Tuesday, June 19, 2007

Acceptance

i think of you and i lose all my words. i know not what to say… how to express.
thoughts swirl.. emotions dance about like leaves in the autumn wind.
i try to understand yet i long to let go of the need to understand.

you are. i am. what will be, will be.

Monday, June 18, 2007

The power of love


why does my love for you have to be analyzed and considered and analyzed again? can i not just love another. can i not love fifty people? is it not possible to love myself and all others. and not to have this questioned or challenged or disbelieved.

it is true, my friend, that i love you. i have so much love inside of me to give. i walk around overflowing, heart on sleeve, kindness i hold in my outstretched hand. all for you. for all of you.
i do not want to fear giving.

fear you taking and needing and still wanting more.
i can love you, but i cannot fill you. you must fill yourself my friend.

fear you not understanding, hiding or running away.
i can love you, but only if you let me. you must be open my friend.

fear you trying too hard to understand me or read me.

I can love you, but you must just accept me, my friend.

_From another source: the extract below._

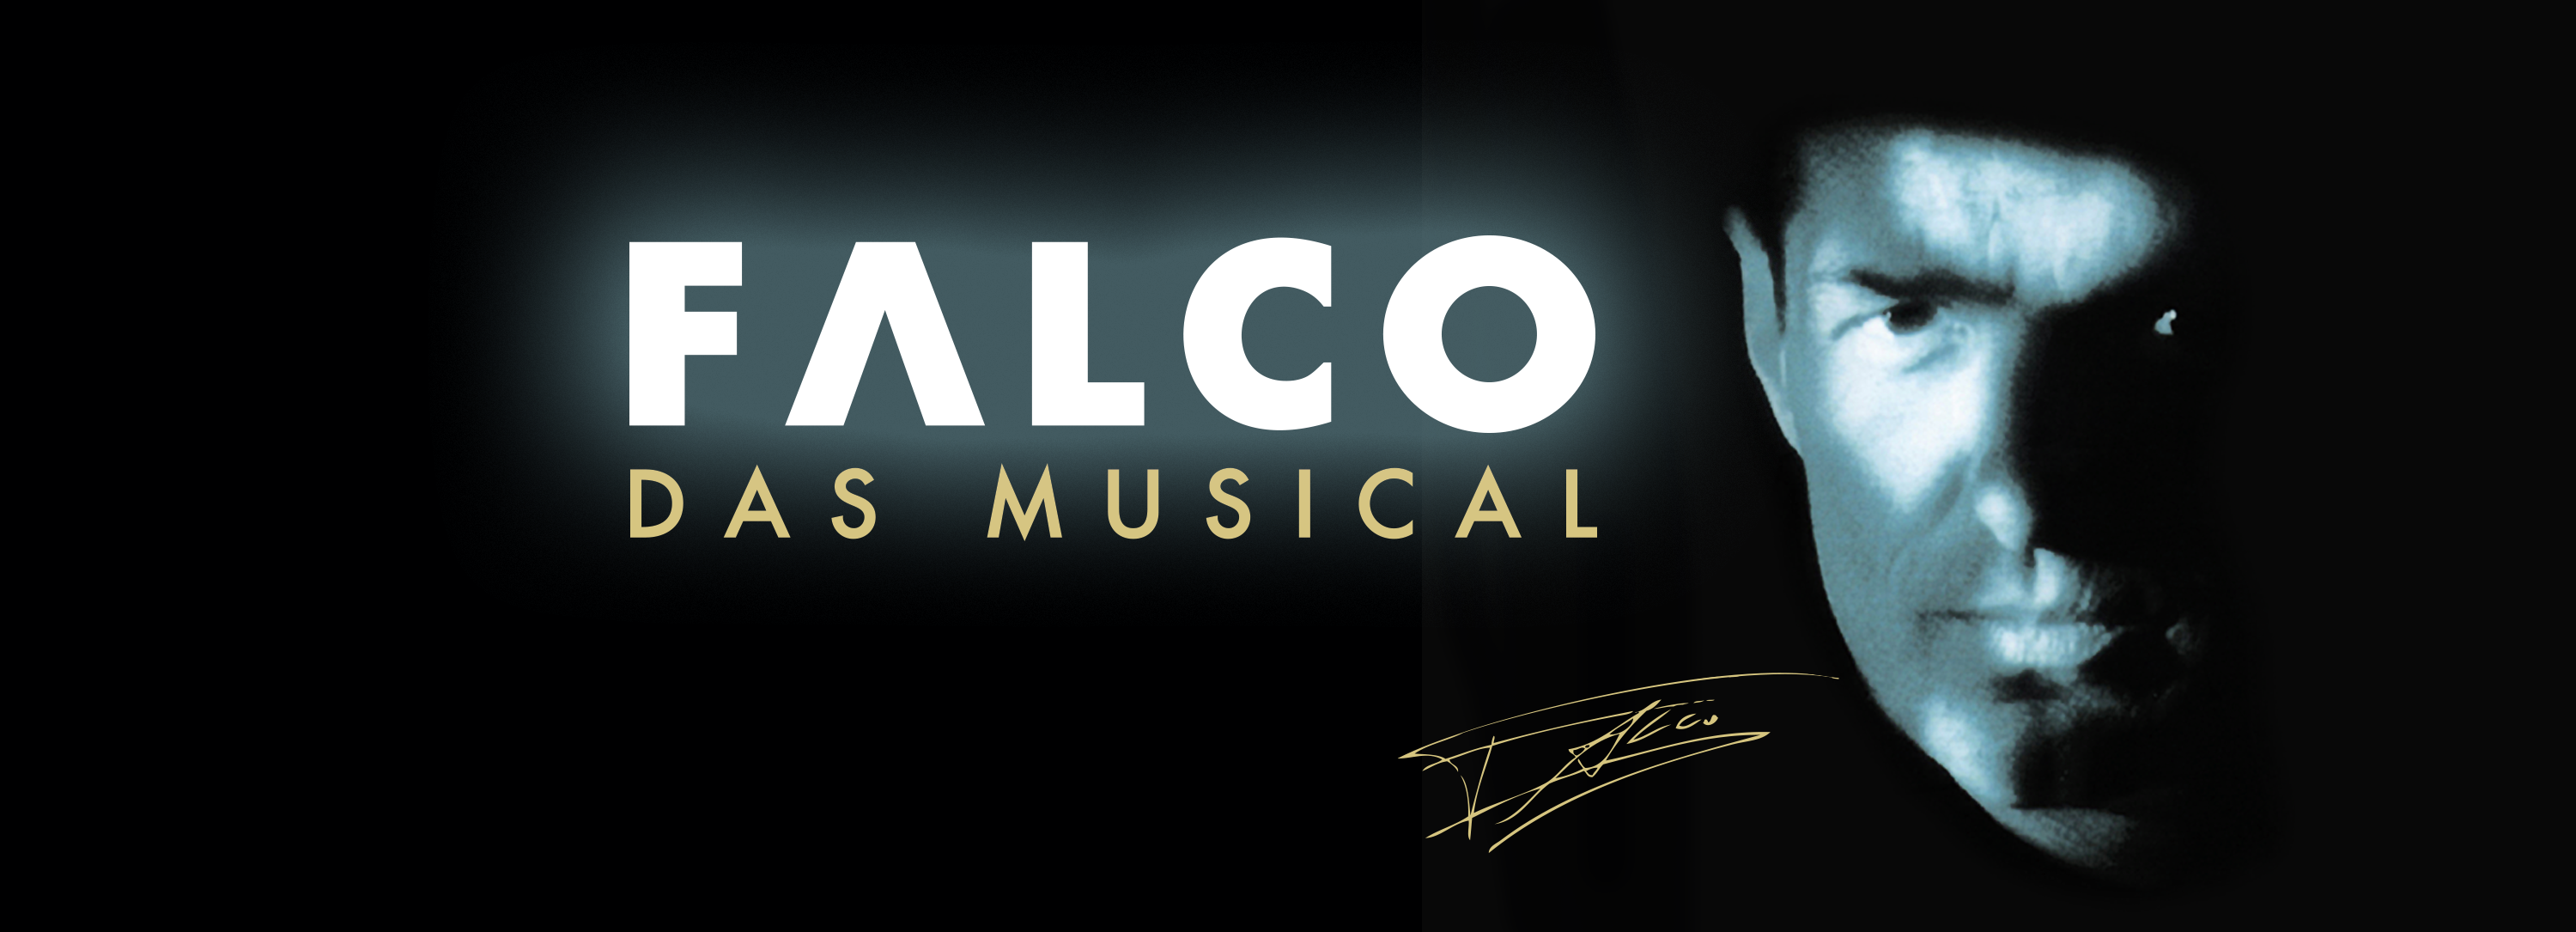 Falco – Das Musical im Deutschen Theater München

all i want to do is to love

freely, openly, endlessly, unconditionally.

it is simple enough.


Sunday, June 17, 2007

Reaching


it was up there on the highest shelf. and i couldn't touch it without dragging a chair into the room and climbing up and standing on my tiptoes and reaching. and even still it was hard. that is where i kept my adoration for you. not so easily accessible, but always there. safe and comforting and out of the way.